Ankara Sıkıyönetim Komutanlığı 1 Numaralı Askerî Mahkemesi, 19 Mart 1980 tarihli 1980/1292 Esas, 1980/83 Karar sayılı hükmü ile Erdal Eren’i Türk Ceza Kanununun 450/9 maddesi uyarınca ölüm cezasına mahkûm etti.
Eren, karardan sonra “Faşizme ölüm, halka hürriyet” sloganı atmasının ardından mahkeme salonundan çıkarıldı (Milliyet. 20 Mart 1980. Sf: 1 & 10).
44 günlük süre içerisinde 4 celsede verilen, idam cezasının hafifletilmesi için bir neden olmadığı vurgulanan kararda şu ifadelere yer verildi:
“8 numaralı Ayyıldız apartmanının bahçesinde, sanık, elindeki tabancayla inzibat erlerine 3 veya 4 el ateş etti. İnzibat eri Zekeriya Önge yaralanıp yere düştü. Kalaslar arasında gizlenen sanık Erdal Eren, etrafının çevrilmesi üzerine ellerini havaya kaldırarak teslim oldu. Kalaslar arasında yapılan aramada tabanca bulundu. Er Zekeriya Önge, hastaneye kaldırılırken yolda vefat etti. Yapılan otopsisinde, sırtından mermi giriş deliği tespit edildi. Merminin, sanık Erdal Eren’in tabancadan atıldığına dair tereddüde yer verecek hiçbir durum bulunmadığı kanaatine varıldı.”
İlk derecede verilen idam kararı Askerî Yargıtay 3. Dairesi tarafından (eksik soruşturma nedeniyle) usulden ve (cezada indirim sağlayabilecek TCK 59. maddenin uygulanmaması nedeniyle) esastan bozuldu.
Askerî Yargıtay Başsavcısı’nın bozma kararına itirazı sonucu dosya yeniden (2 kez) Askerî Yargıtay Daireler Kuruluna gitti (Askerî Yargıtay 3. Dairesi hüküm mahkemesinin idam kararını “yeterli delil olmadığı” gerekçesi ile bozdu. Askerî Yargıtay Genel Kurulu ise, Yargıtay 3. Dairesi’nin verdiği bozma kararını bozdu. Dosya yeniden Askerî Yargıtay 3. Dairesi’ne geldi. Askerî Yargıtay 3. Dairesi ilk kararında ısrar etti).
İdam cezası kararı, Askeri Yargıtay Daireler Kurulu’nun 20 Kasım 1980 tarihli ve 1980/111 esas, 1980/111 karar sayılı ilamıyla kesinleşti.
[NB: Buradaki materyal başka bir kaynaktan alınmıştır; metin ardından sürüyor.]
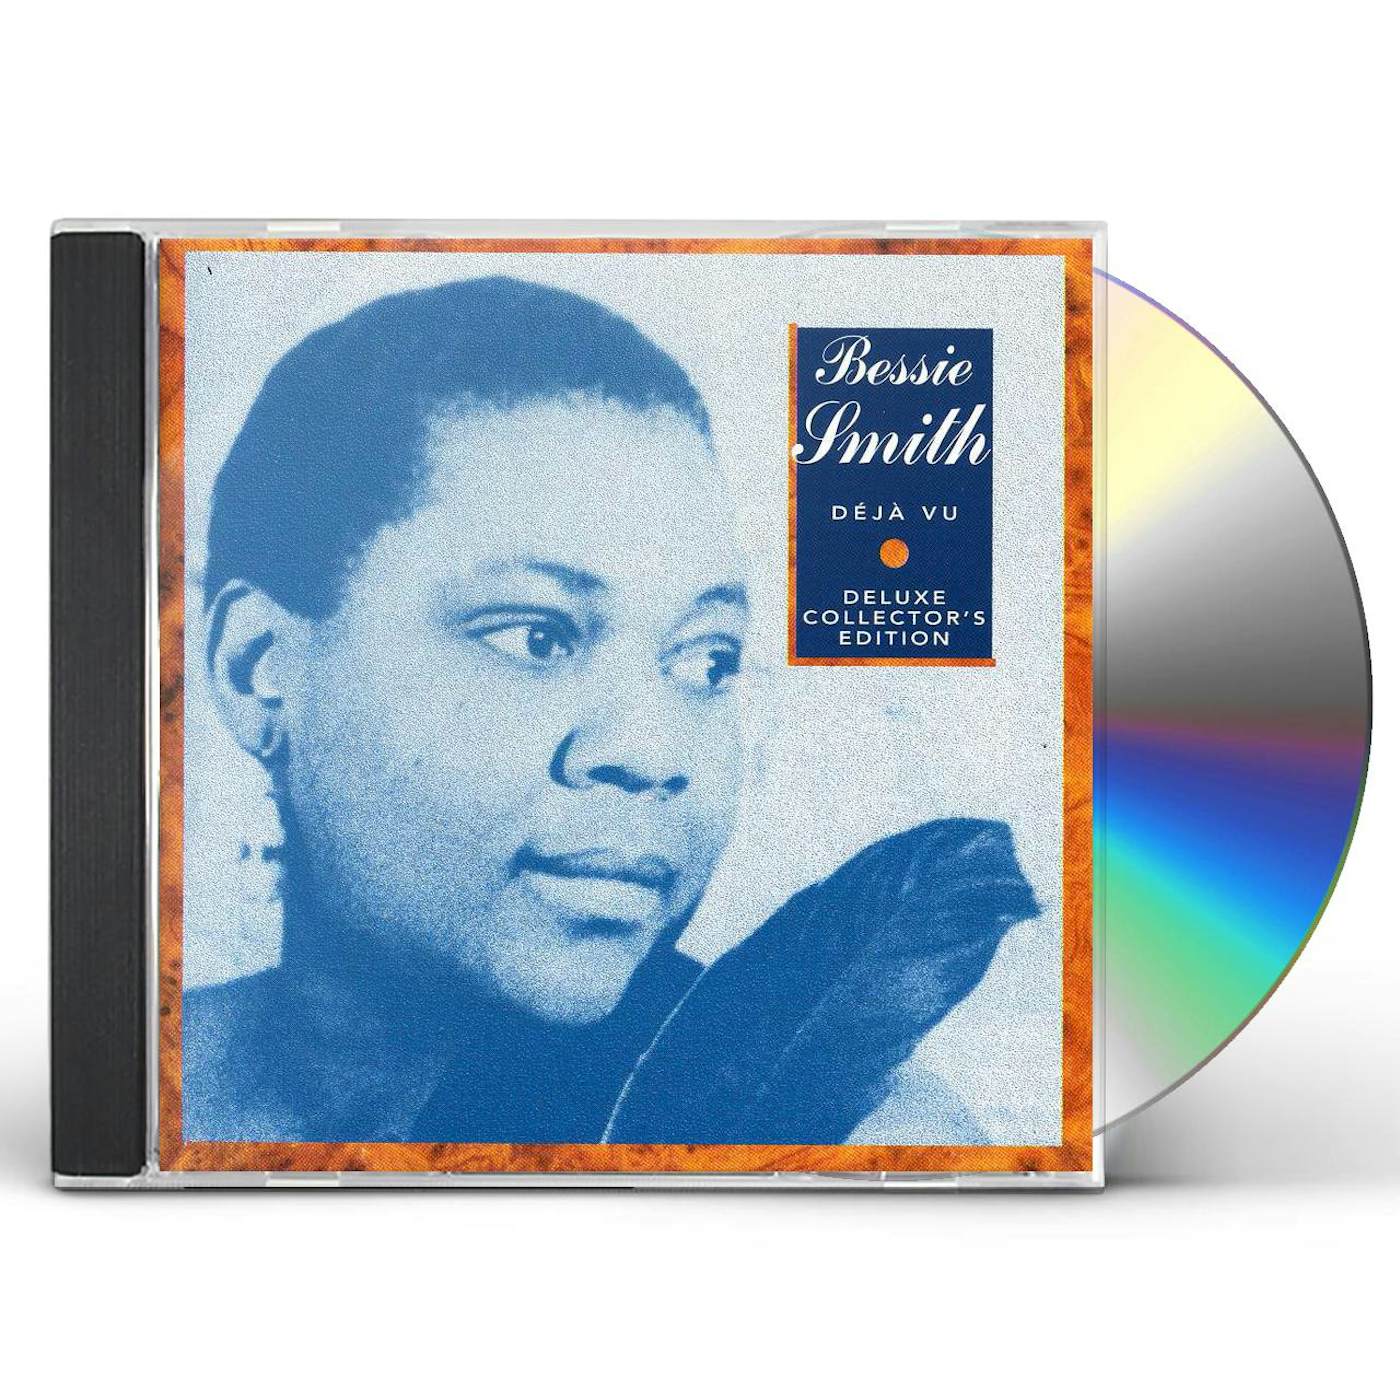 Bessie Smith D+J+ VU CD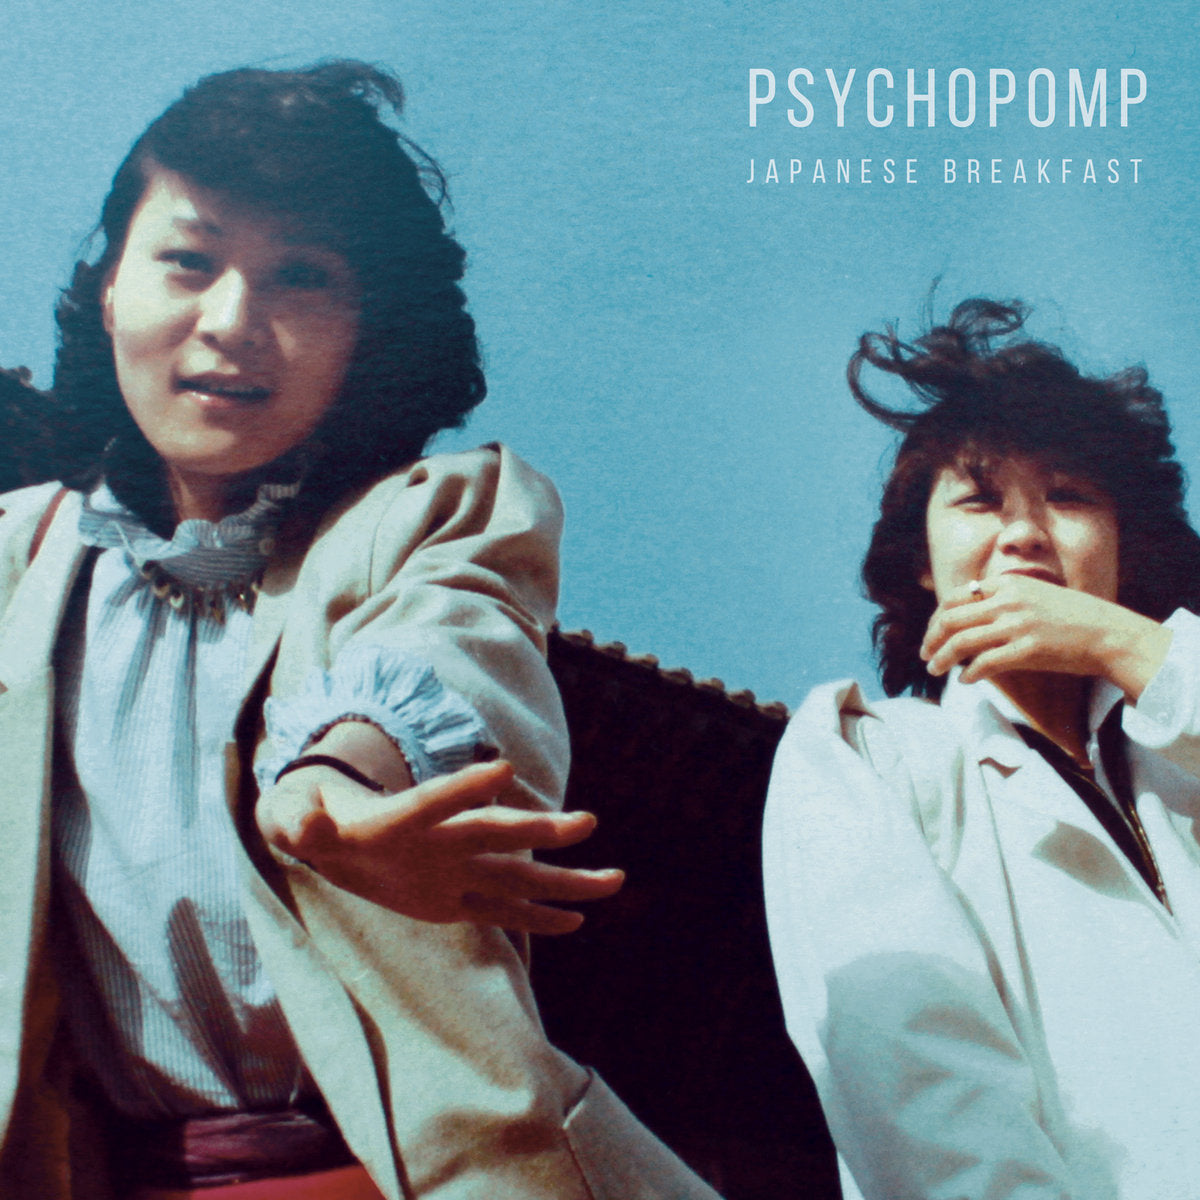 日式早餐“Psychopomp”

Kenan Evren başkanlığındaki Millî Güvenlik Konseyi, 12 Aralık 1980 tarihli ve 2360 sayılı Kanun ile idam cezasını onaylayan kanunu kabul etti.
12 Eylül Darbe rejimi tarafından kabul edilen 230 sayılı 12 Aralık 1980 tarihli “Erdal Eren Hakkındaki Ölüm Cezasının Yerine Getirilmesine Dair Kanun”, 12 Aralık 1980 tarihli Resmî Gazete’nin mükerrer sayısında yayımlandı.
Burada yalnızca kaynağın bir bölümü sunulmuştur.